Pakistanis people remained capsuled in a delusionary bubble like zombies, brainwashed into believing that terrorism in Pakistan was the work of some “foreign hand”. It could be, but it was never absent from Muslim history. Even when various militant groups angry at Pakistan proudly claimed suicide missions against military and civilian targets, they were ignored with a statement, “No Muslim could kill another Muslim… it is the work of India, Israel, America or even that of Afghanistan and Iraq”. Now they have added the Saudis as well for aiding them with money, a charge to explain which the PM himself perhaps have had to go. One teacher teaching physics in Lahore reports, “Their invited guests such as retired Gen Hamid Gul, his son Abdullah Gul, and numerous cohorts confidently pronounced that suicide bombers were uncircumcised non-Muslims agents of foreign powers”. Were they an eye-witness to this nonsense?

Does nature always side with the hidden flaws? “When two things go wrong somewhere, they go wrong everywhere? If everything is going well, you have overlooked something.” These echoes of the Murphy’s laws are fully embedded in the mentality of the people of Pakistan. They have been fed, rather over-fed, on sad and dismal news in such a bloated manner and for so long that now they appear to have learned to live with them well. It is the absence of bad news that begins to itch them.

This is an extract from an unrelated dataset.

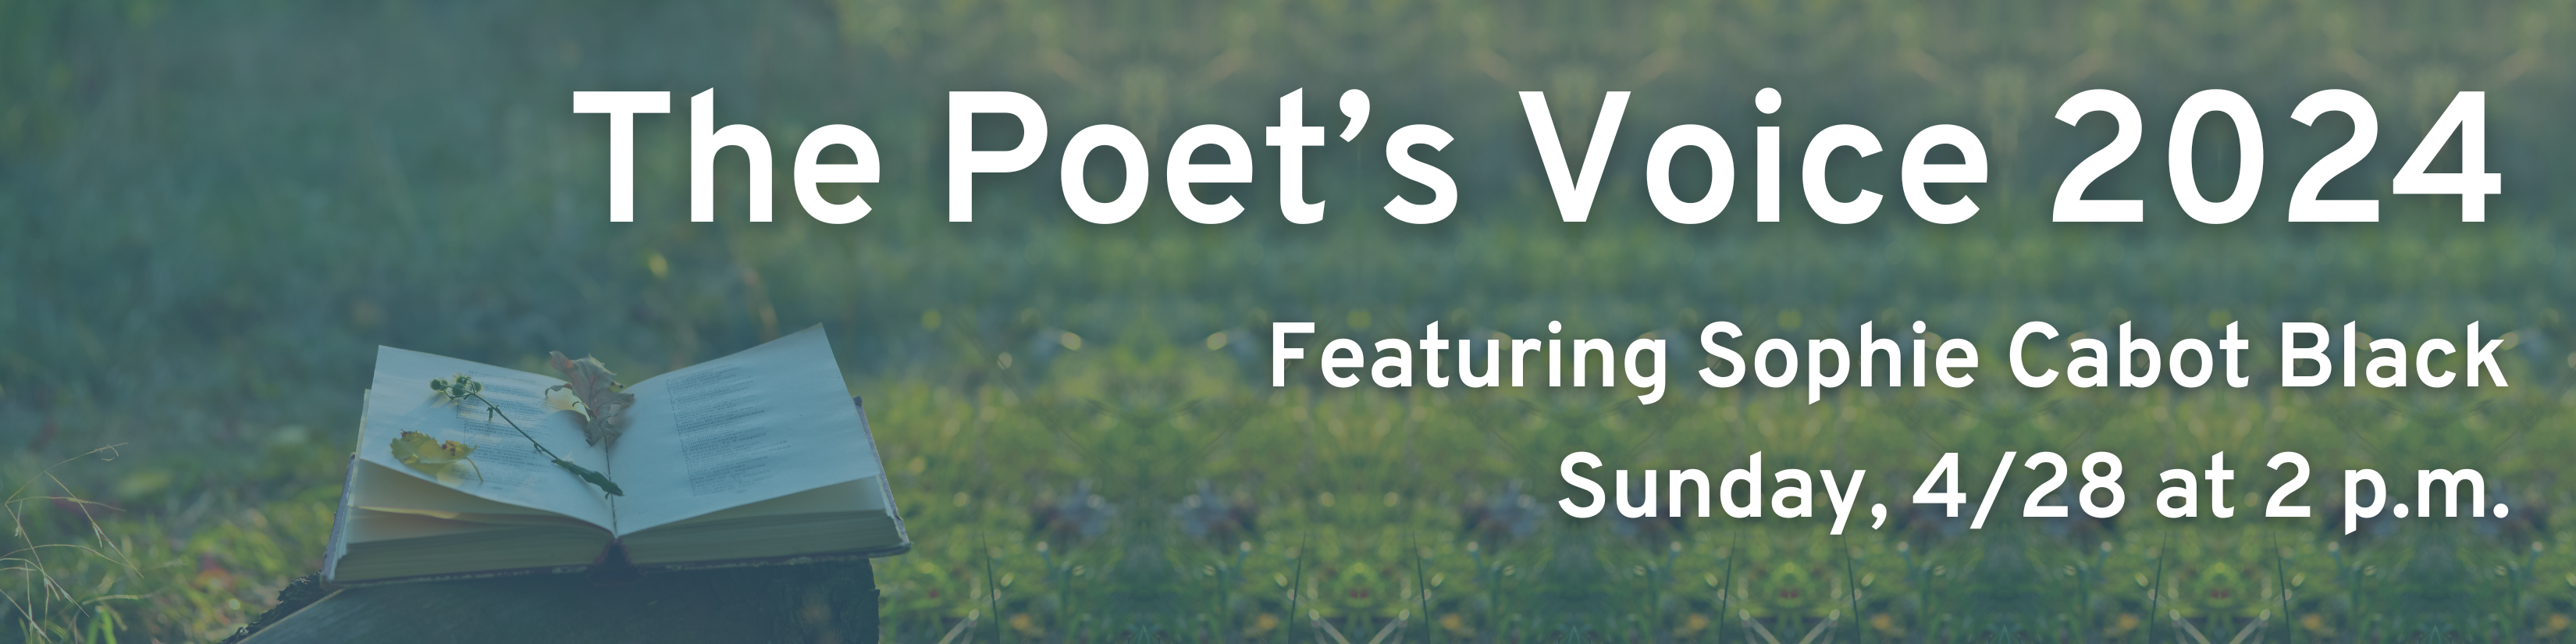 The Poet's Voice 2024, featuring Sophie Cabot Black; Sunday, 4/28 at 2 p.m.
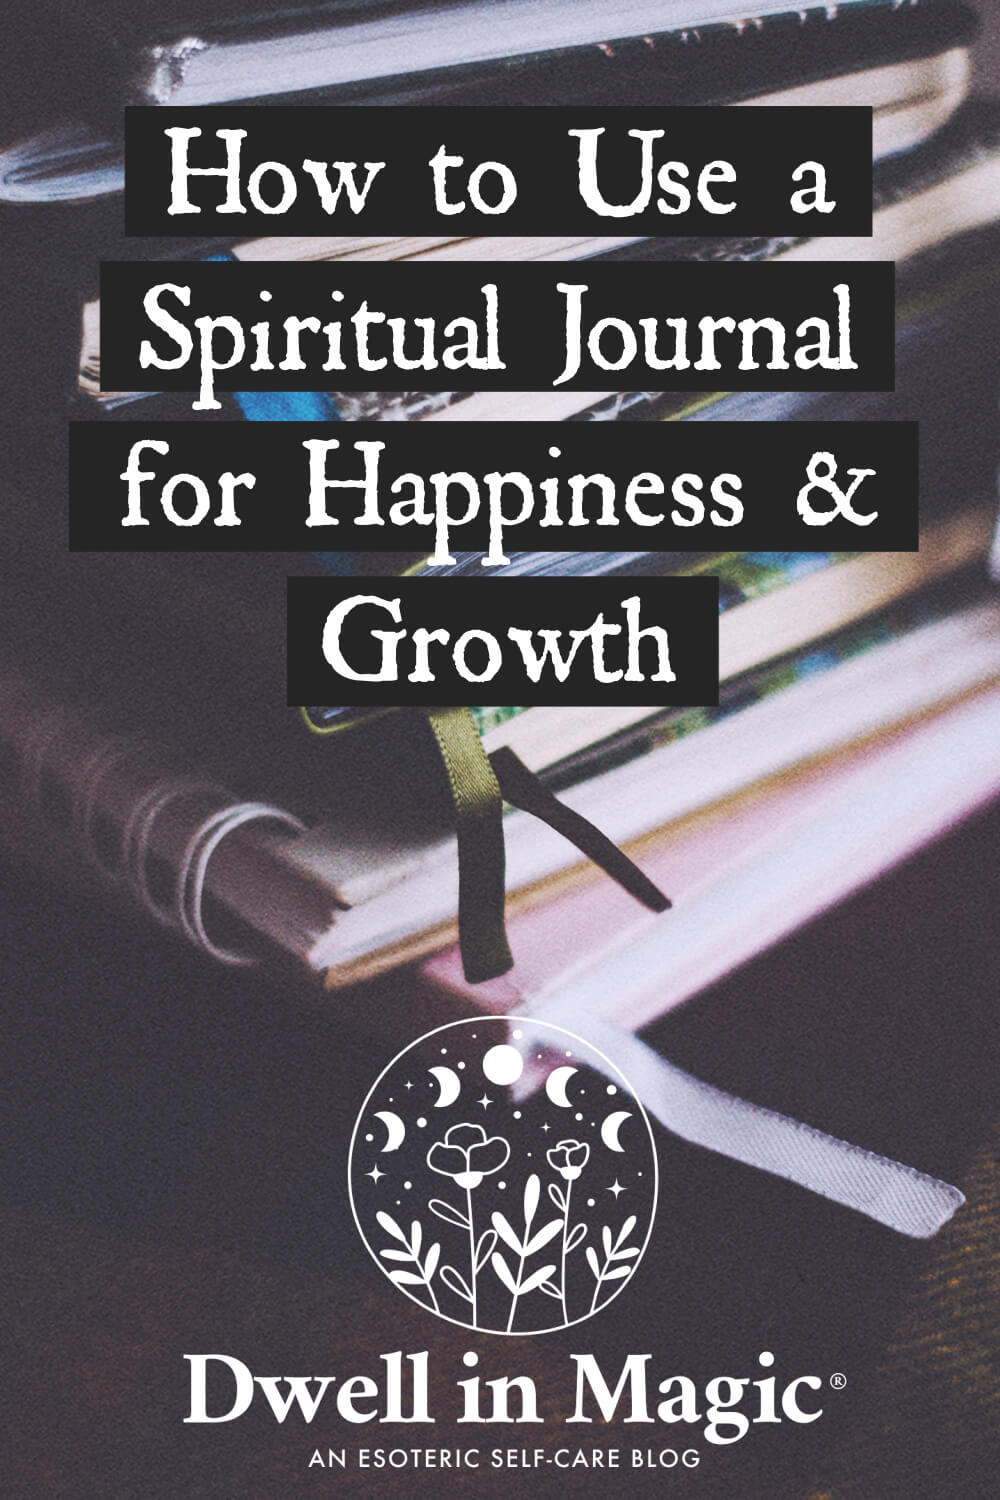 How to use a spiritual journal for happiness and growth

Even Bangladeshis appear to have beaten Pakistani here as well as in Britain. They have overtaken Pakistanis in most of the fields in Britain. Pakistanis have become so uncreative, and are so much locked in their own taboos that they do not think of doing anything better than driving taxis. Mian Nawaz Sharif in all the three stints of his premiership, turned a good portion of Pakistanis into taxi drivers. Who picked this idea of taxi driving as a main profession both in Pakistan as well as in Britain, Mian Sahib or the overseas Pakistan is a matter of guess, but it did become an easy way of earning cash money in both the places for Pakistanis.

Bengalis went into the hotel business; lived in government apartments, and in London. They did not make dumb choices of buying cheap houses in cities that had become non-industrial. Better interaction with people of vision; better access to better schools; better choices of business, and better ways of assimilation; all have put them ahead of most communities in Britain. According to the Economist of February 21, “70% of Bengalis got five good GCSEs, the exams taken at 16-much higher than the national average. Pakistani pupils do not fare too badly; they got 51%. .. Pakistanis have low employment rate; their household income is also lower than the Bangladeshis. Even Somalis are coming up in Britain through education; not the Pakistanis.

Bill Moyers in his book’s foreword writes, “We journalists write on the sand and speak into the wind, and usually by the morning after there isn’t a trace of what we wrote or said…” I tend to disagree with him. Words have sounds as well as meanings, and both impact people in a very lasting manner. Words can lead to collaboration as well as to competition. And human beings have advanced through collaboration more than through fierce competition. To this assertion of Bill Moyers I fully endorse. And Pakistan is a valid example of it. Alas for these anchor persons in Pakistan, Pakistanis are an item with skin wrapped around it.